▶ Task brief: All lines below starting at the one that holds "Montre Omega Speedmaster" and ending at the one that holds "Headphones: Sennheiser Pxc" should be printed exactly, ends included. Pictures should not be printed, nor anything else.

▶ Material provided:
────────────────────
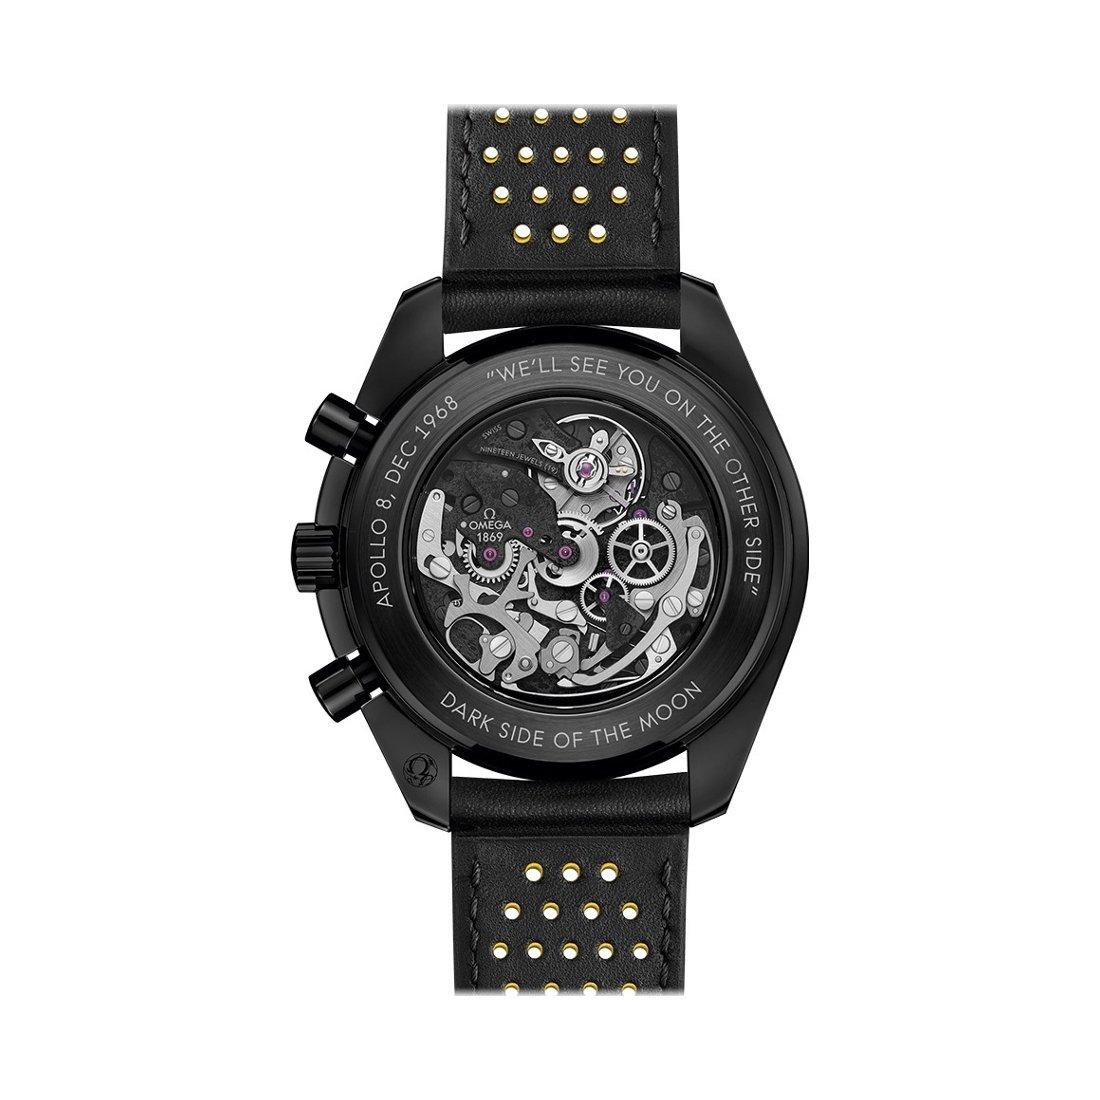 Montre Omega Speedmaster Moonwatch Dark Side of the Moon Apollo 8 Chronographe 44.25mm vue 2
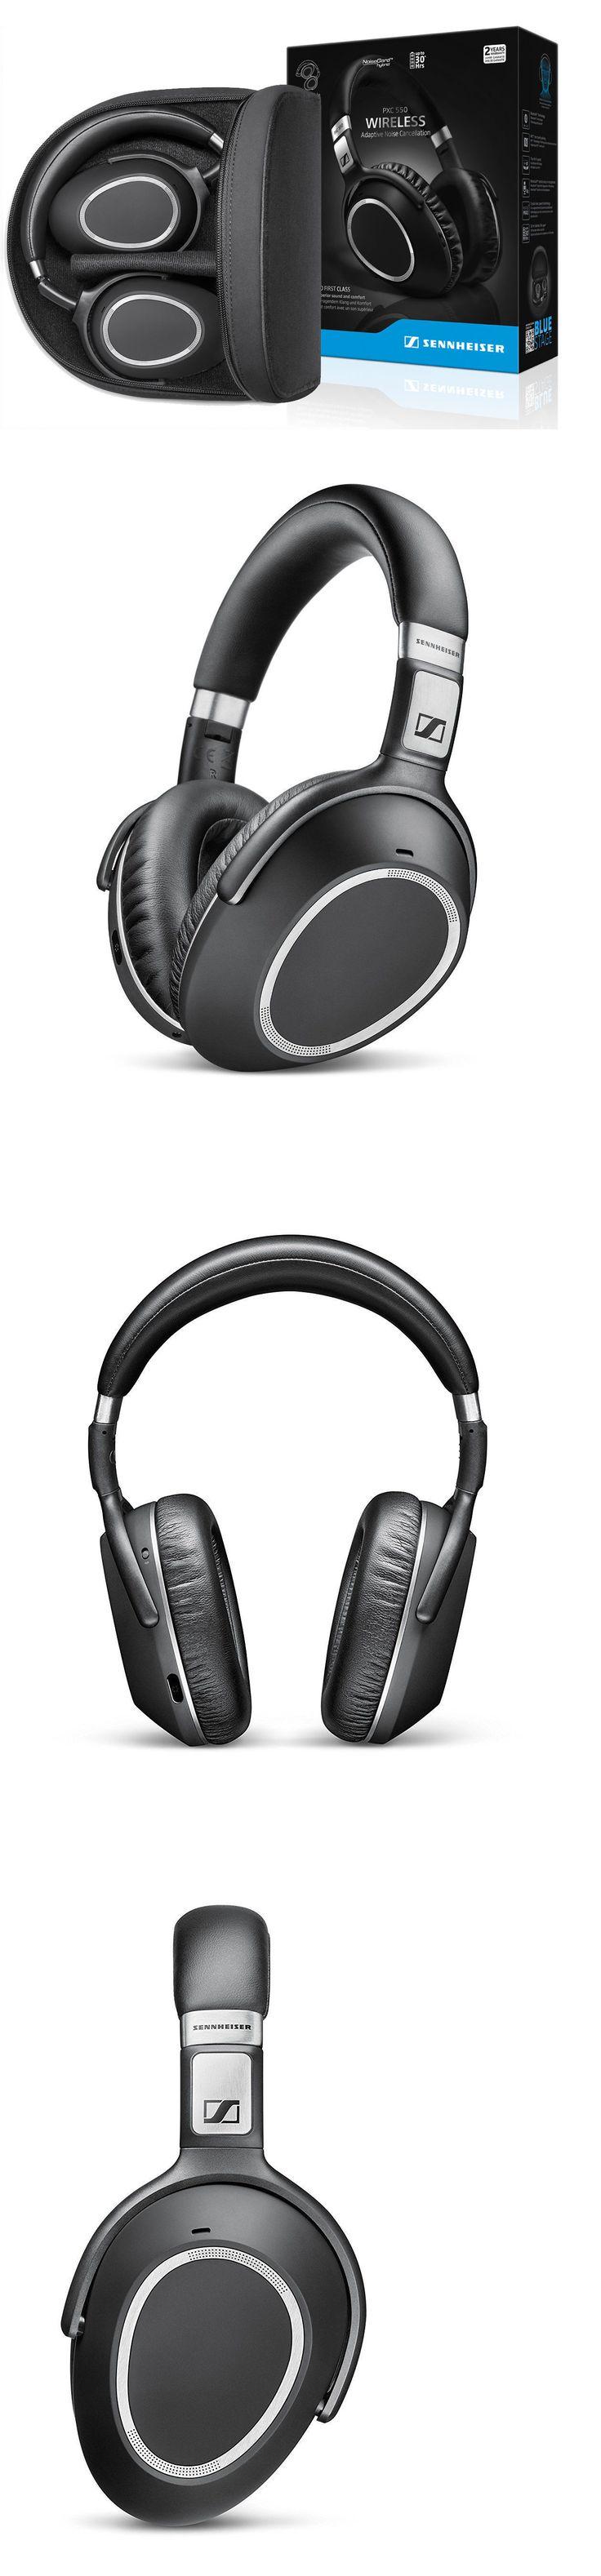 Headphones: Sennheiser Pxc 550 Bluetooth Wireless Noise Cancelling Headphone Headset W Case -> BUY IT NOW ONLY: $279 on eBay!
────────────────────
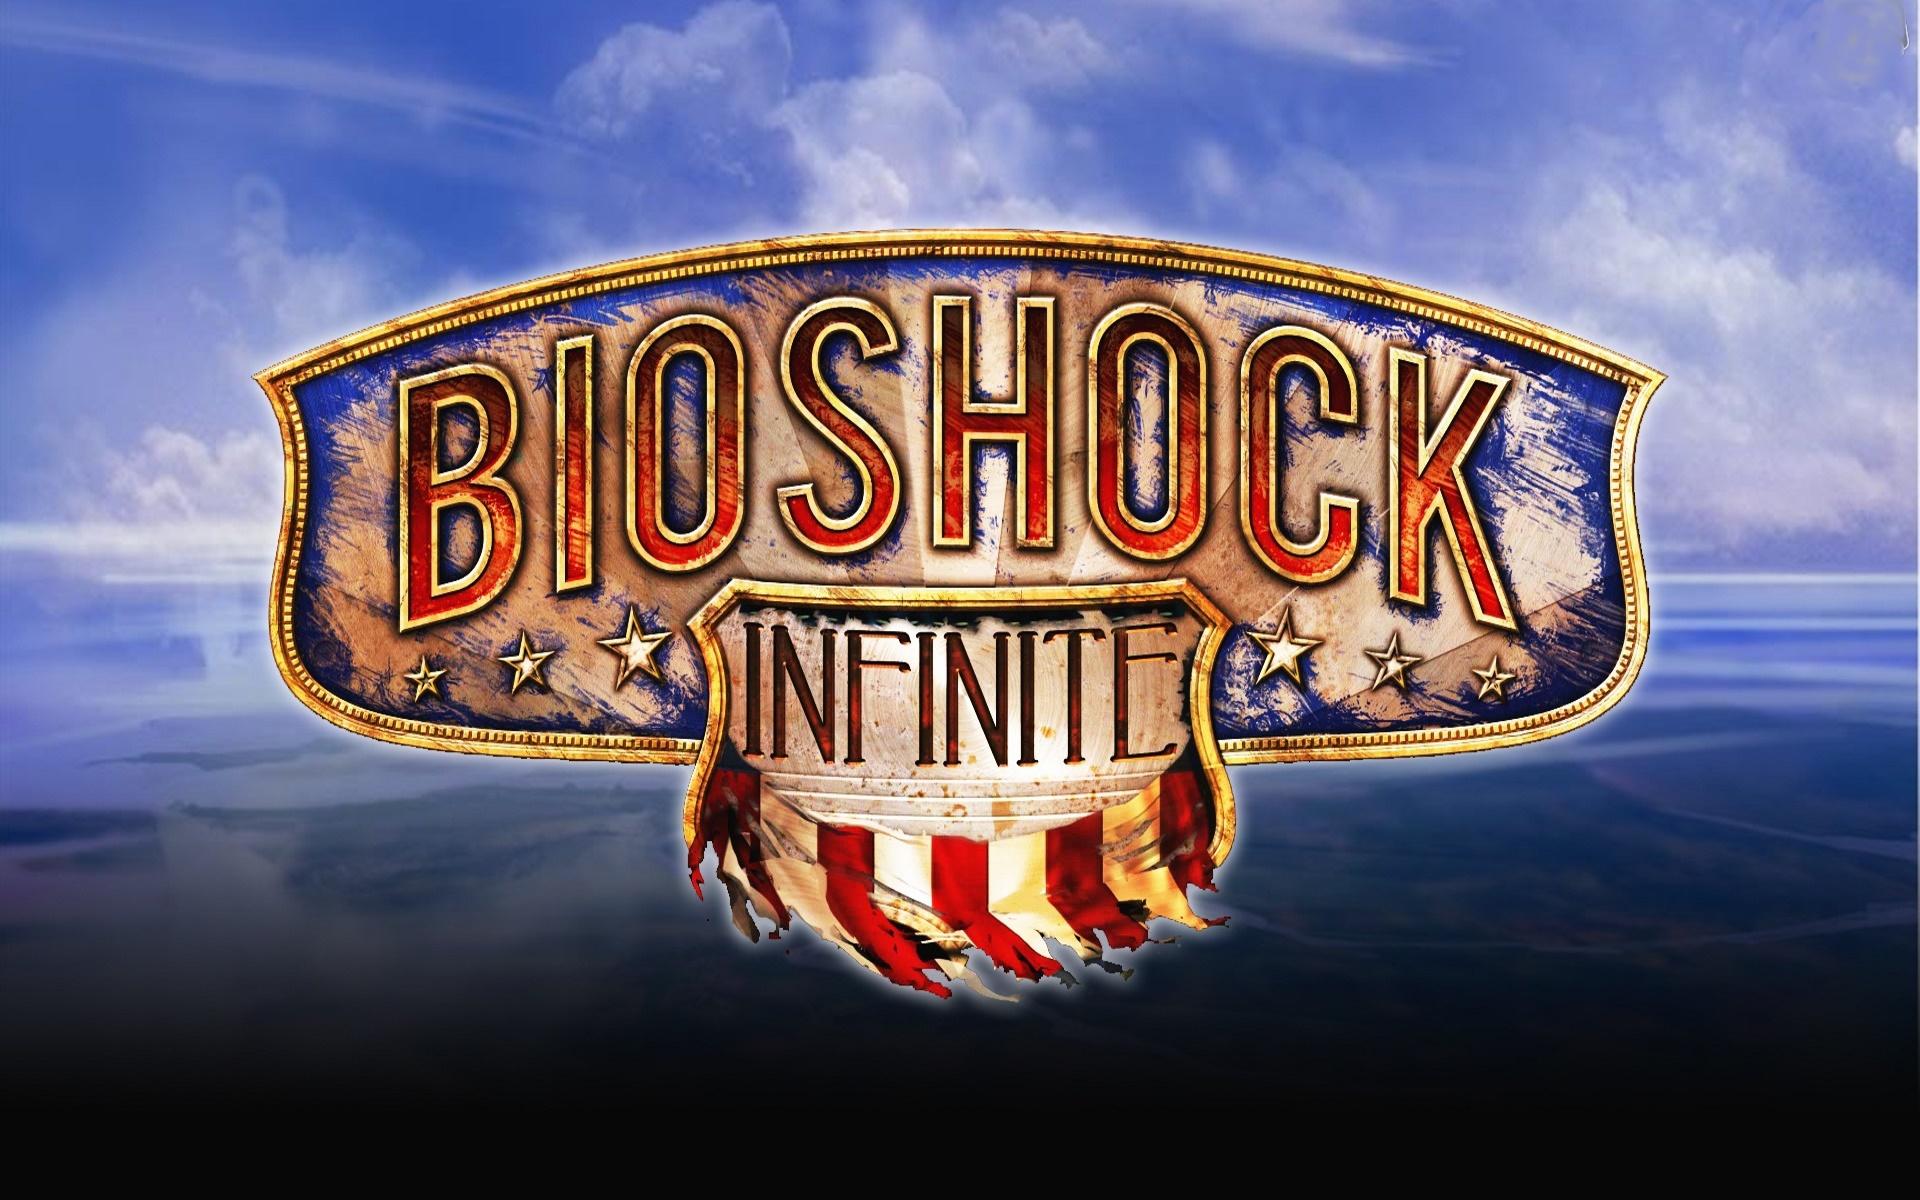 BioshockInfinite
────────────────────
▶ Solution to the exercise:
 Montre Omega Speedmaster Moonwatch Dark Side of the Moon Apollo 8 Chronographe 44.25mm vue 2
 Headphones: Sennheiser Pxc 550 Bluetooth Wireless Noise Cancelling Headphone Headset W Case -> BUY IT NOW ONLY: $279 on eBay!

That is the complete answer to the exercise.